US plans to seek guilty plea from Boeing for fatal 737 Max crashes


The fuselage plug area of ​​Alaska Airlines Flight 1282 Boeing 737-9 MAX, which was forced to make an emergency landing with a gap in the fuselage, is seen during its investigation by the National Transportation Safety Board (NTSB) in Portland, Oregon, U.S. January 7, 2024.

NTSB | Via Reuters

US prosecutors plan to seek a guilty plea for boeing on charges linked to two fatal crashes of 737 Max planes, lawyers for victims' families said Sunday, criticizing a potential settlement as a “sweetheart deal.”

Justice Department lawyers and victims' families and their attorneys spoke for about two hours Sunday, discussing the plan, the attorneys said.

Boeing declined to comment and it was not immediately clear whether it would accept a plea deal. A guilty plea could complicate his ability to win government contracts. Boeing is a major defense contractor.

The Justice Department did not immediately respond to a request for comment.

The Justice Department said in May it was reviewing whether Boeing violated a 2021 settlement that shielded the company from federal charges related to the 2018 and 2019 crashes of its best-selling 737 Max jets, which killed all 346 people on the two flights. Under that settlement, Boeing said it would pay $2.5 billion.

The Justice Department reviewed the agreement after a door panel on a new 737 Max 9 exploded in mid-air during a Alaska Airlines flight in January, triggering a new safety and quality control crisis for one of the world's two suppliers of large commercial aircraft. The so-called deferred processing agreement was set to expire days before the door panel exploded.

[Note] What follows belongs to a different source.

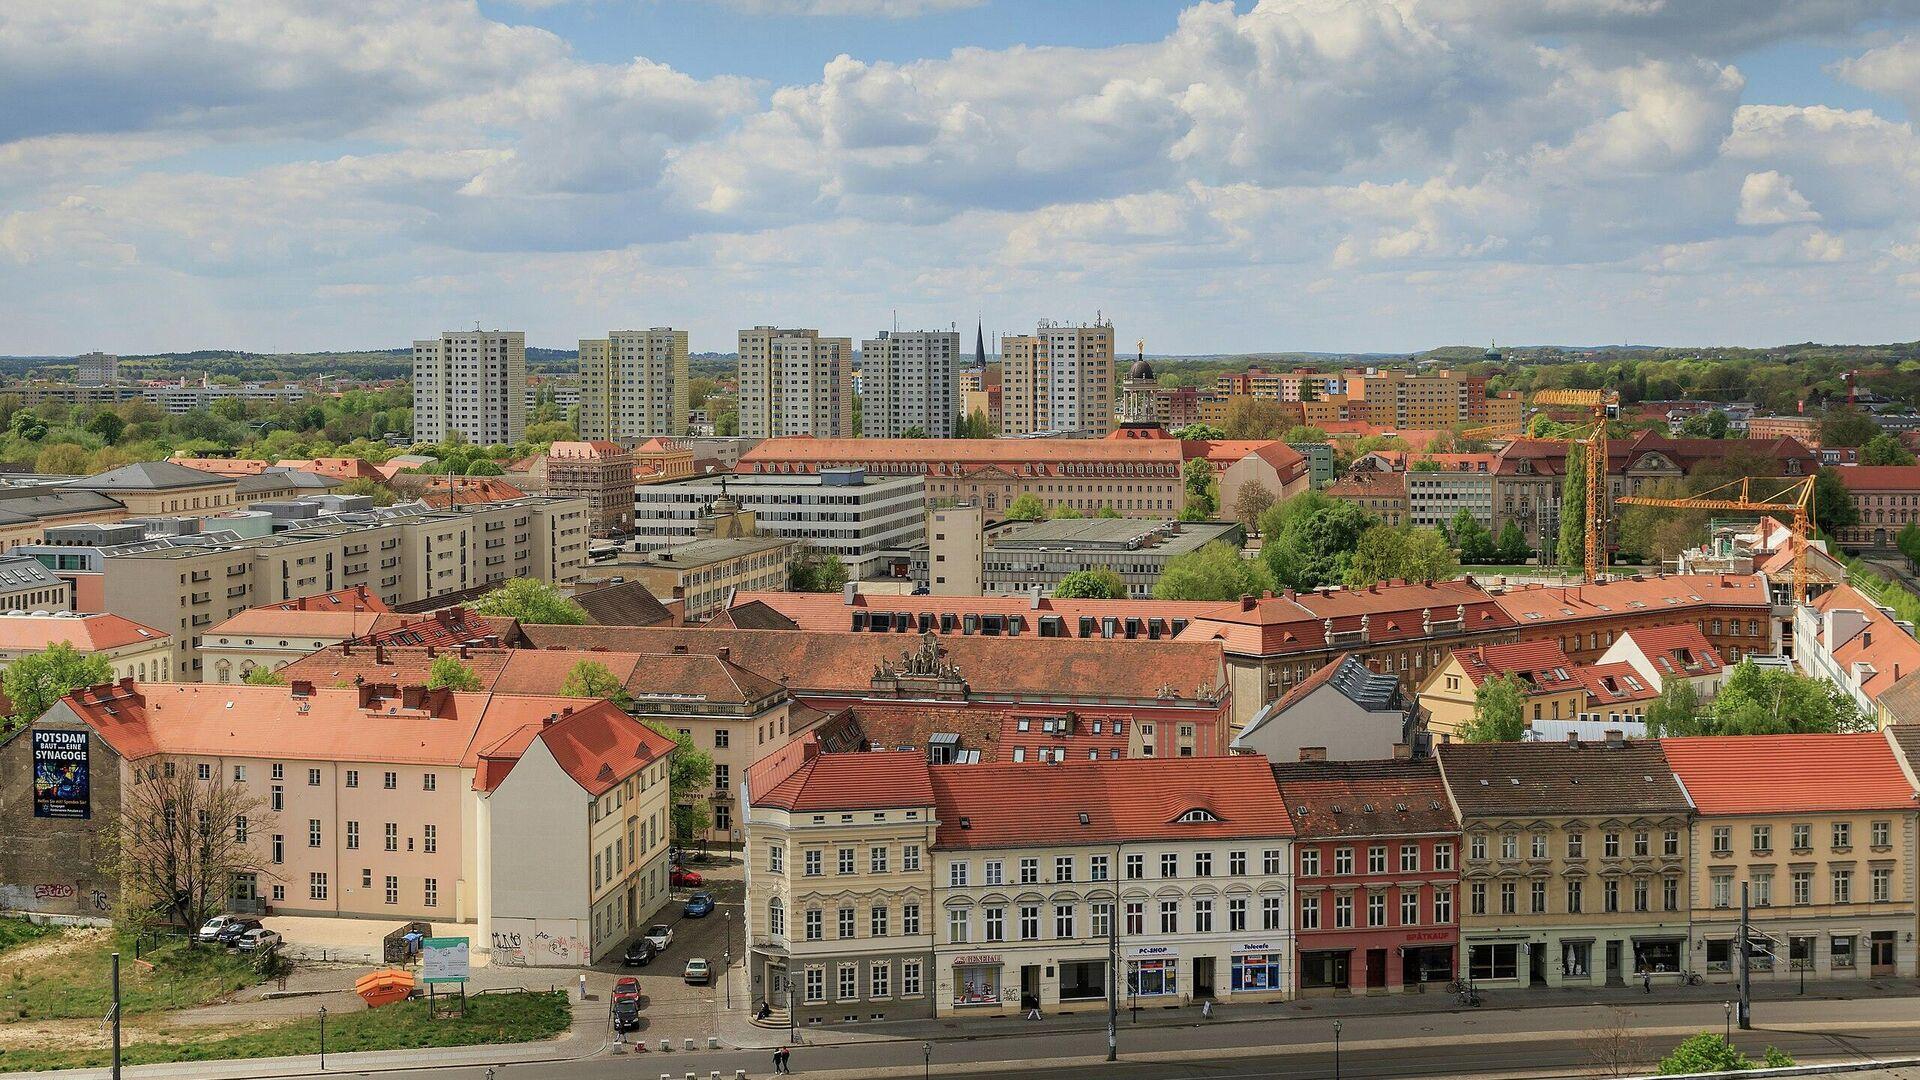 Potsdam (Archivbild) - SNA, 1920, 03.09.2021

Boeing admitted in 2021 that two of its pilots defrauded the Federal Aviation Administration by concealing the addition of a new flight control system to the planes before they flew commercially. That system was later implicated in the two crashes.

The plea deal would require Boeing to pay an additional fine of about $247 million and would require the installation of an external monitor at Boeing, according to Paul Cassell, one of the lawyers. Cassell called the new agreement a “slap on the wrist.”